### Assignment
Without the pictures, repeat all of the data exactly as it appears below.

### Given data
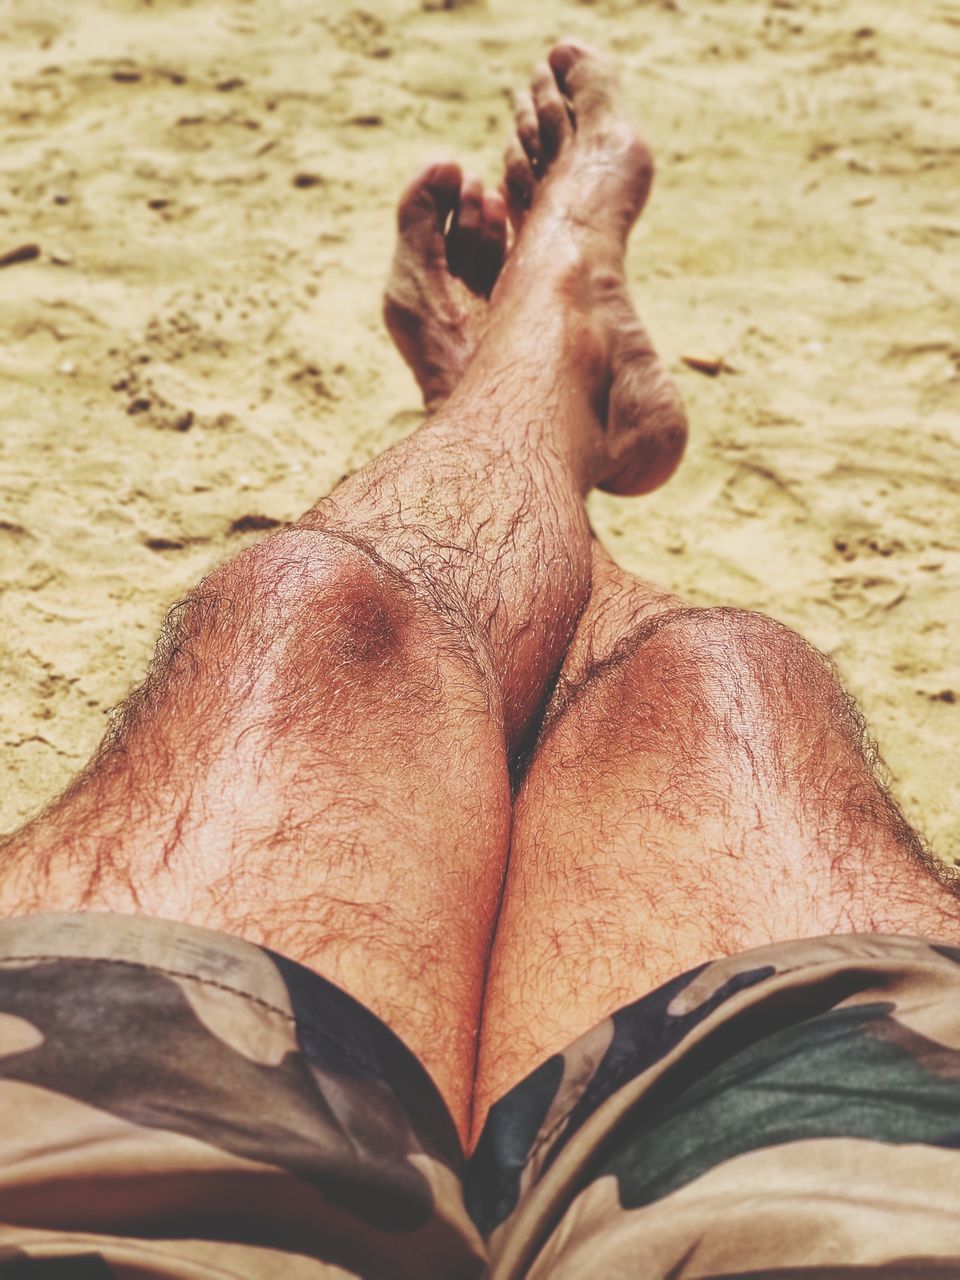 LOW SECTION OF MAN LYING DOWN ON SAND
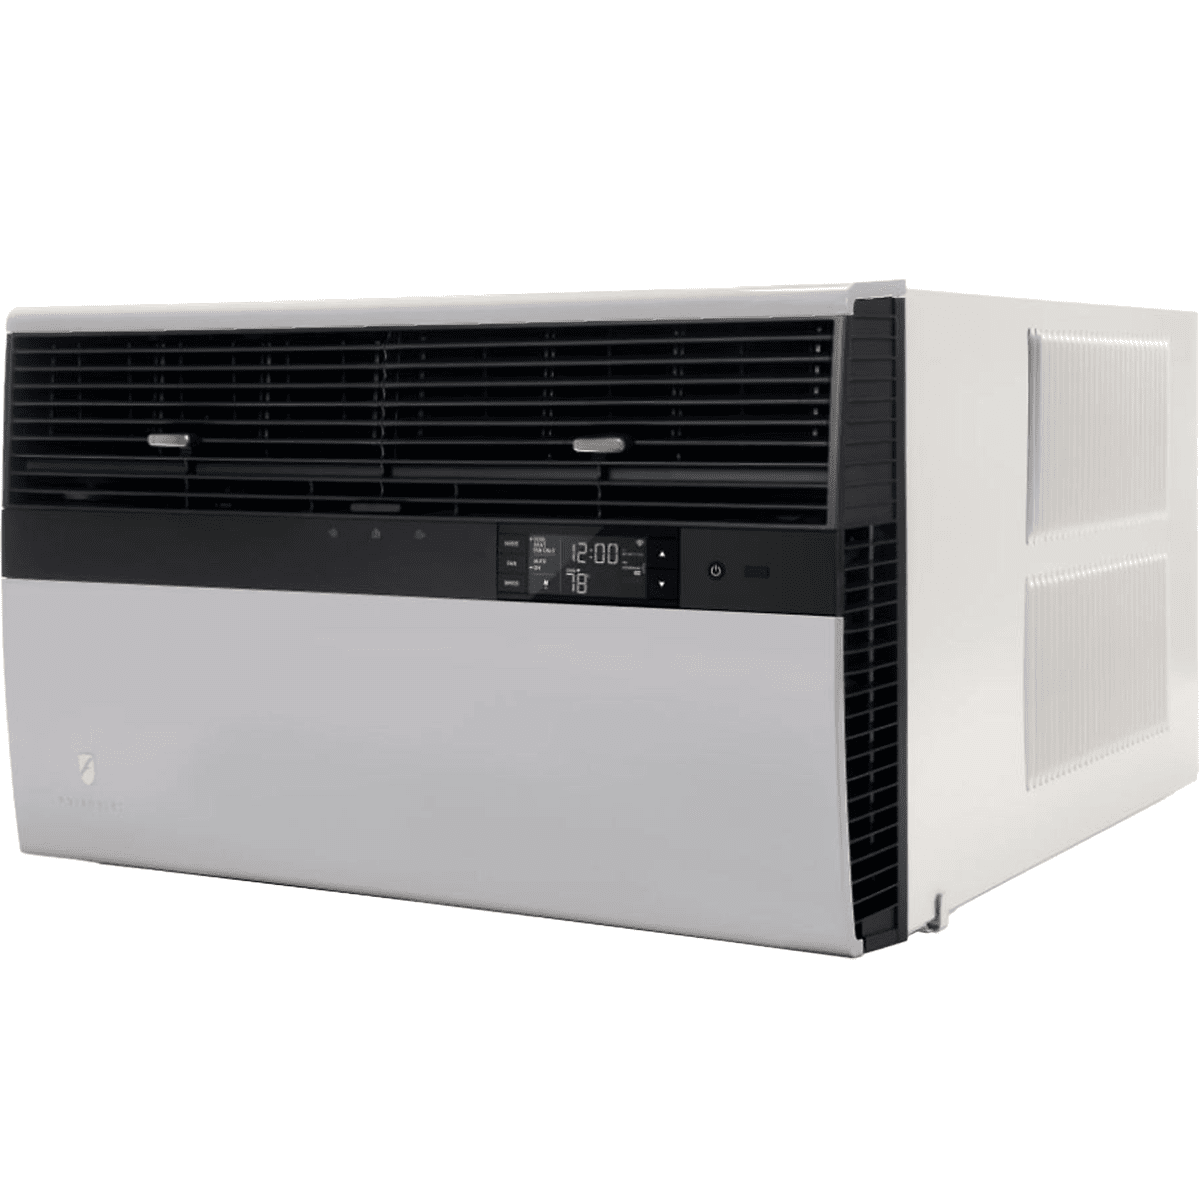 Friedrich Kuhl 22,300 Commercial Window & Wall Air Conditioner
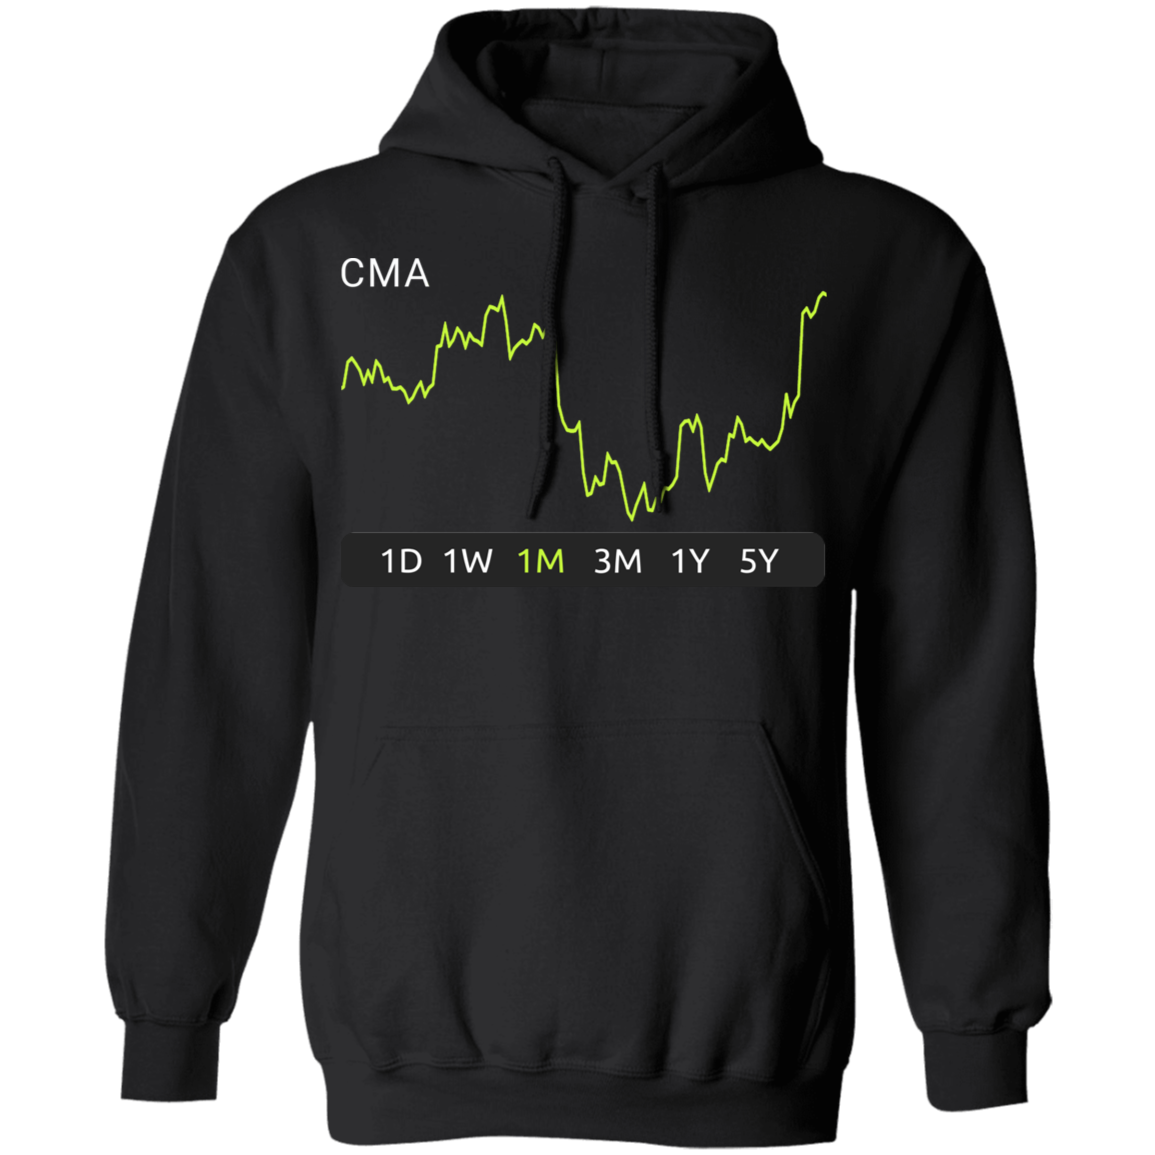 CMA Stock 1m Pullover Hoodie

### Answer section
 LOW SECTION OF MAN LYING DOWN ON SAND
 Friedrich Kuhl 22,300 Commercial Window & Wall Air Conditioner
 CMA Stock 1m Pullover Hoodie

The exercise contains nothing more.